When all these factors were held constant, the gaps between types of caregivers were much smaller in all models (Table A.1). For example, in the case of psychological distress, disregarding other factors, the probability that caregivers of children would express a high level of psychological distress was 21 percentage points higher than for regular caregivers of a parent (and 16 percentage points higher for those caring for a spouse). However, when all other factors were taken into account, this gap narrowed to 6 percentage points (both for those caring for a spouse and for a child).

In other words, the fact that those caring for a spouse or child were more likely to have greater symptoms of psychological distress is largely due to certain risk factors specific to their role (greater number of hours, diversity of tasks, primary caregiver).

With regard to consequences on health and reduction of work hours, the gaps between types of caregivers were narrowed even more when all of the other factors were taken into account. However, even after accounting for these factors, family caregivers who cared for a child always spent more than all other types of caregivers.
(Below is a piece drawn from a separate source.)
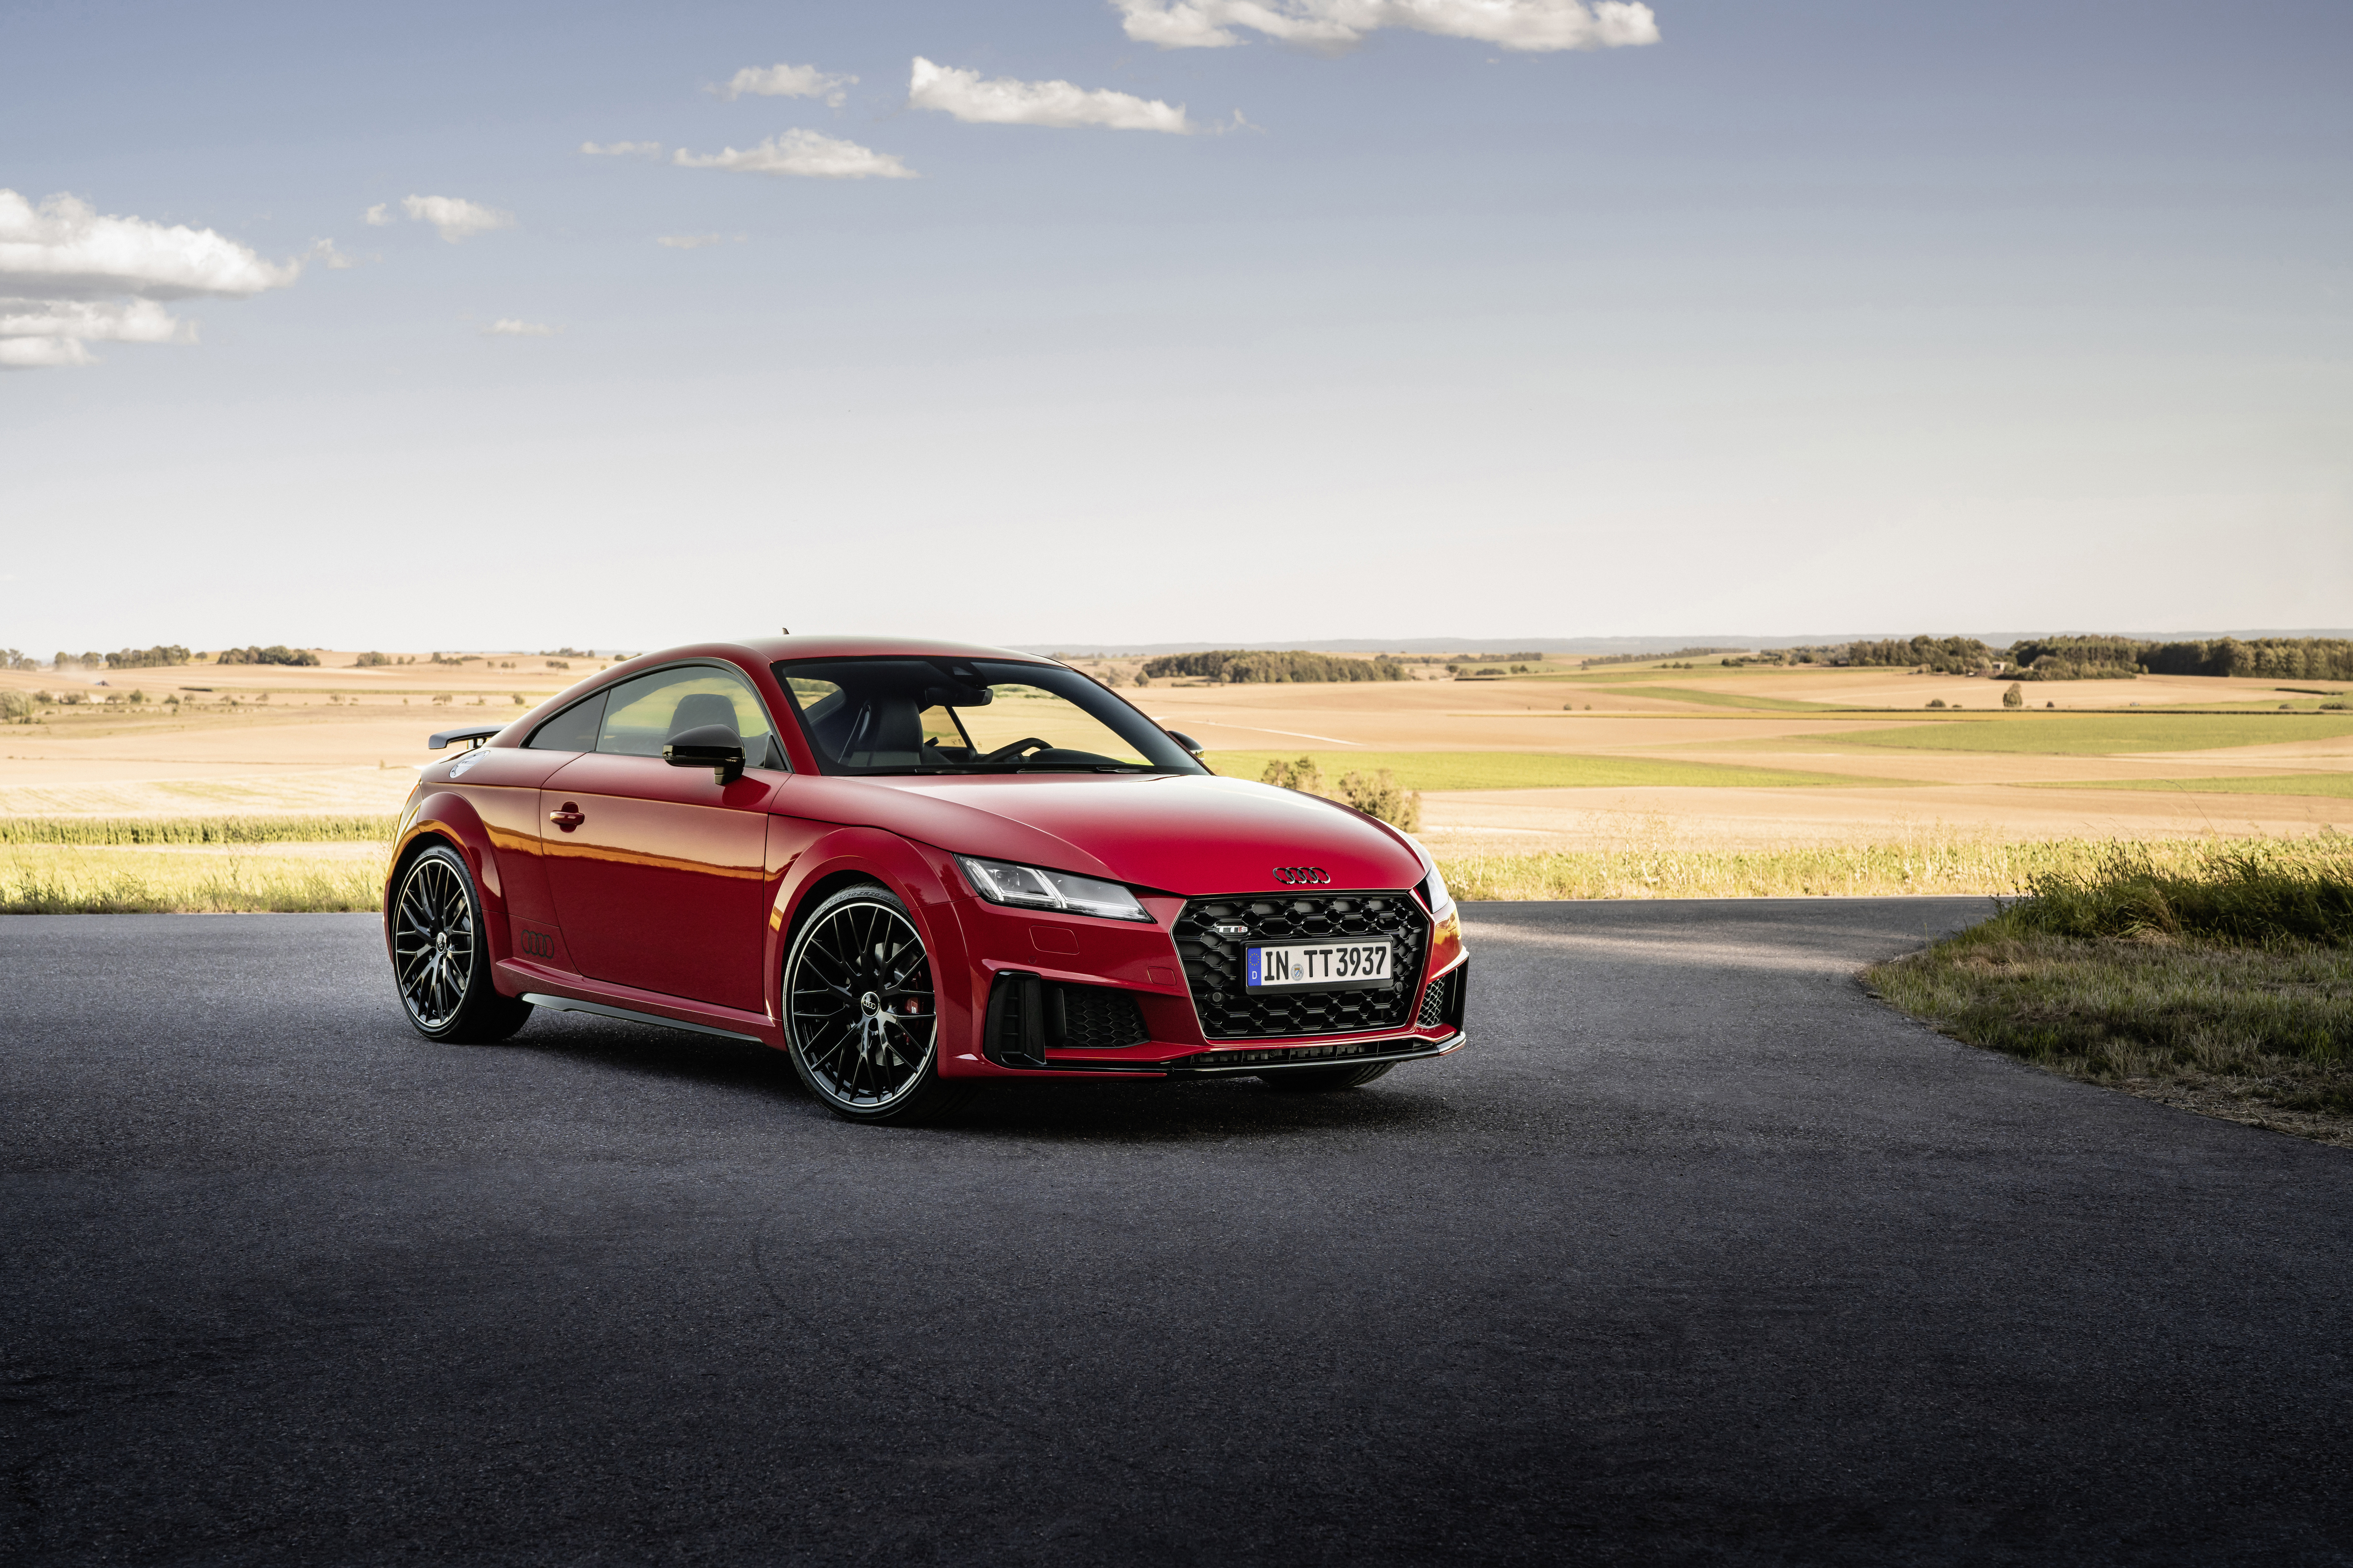 audi tts competition plus coupe 4k 1608918577 - Audi TTS Competition Plus Coupe 4k - Audi TTS Competition Plus Coupe 4k wallpapers

Another finding is that, for caregivers, caring for a person with a mental health problem or Alzheimer’s particularly increased the risk of being highly distressed, as shown by other studies.Note 1 Women, caregivers caring for at least one other person, caregivers who were considered the primary caregiver, those caring for a person with cancer and those receiving care themselves were also more likely to experience an elevated level of psychological distress. However, family caregivers who looked after children in addition to looking after their parents or other adults (referred to as the "sandwich generation" in some studiesNote 2) were no more likely to experience a high level of psychological distress than others.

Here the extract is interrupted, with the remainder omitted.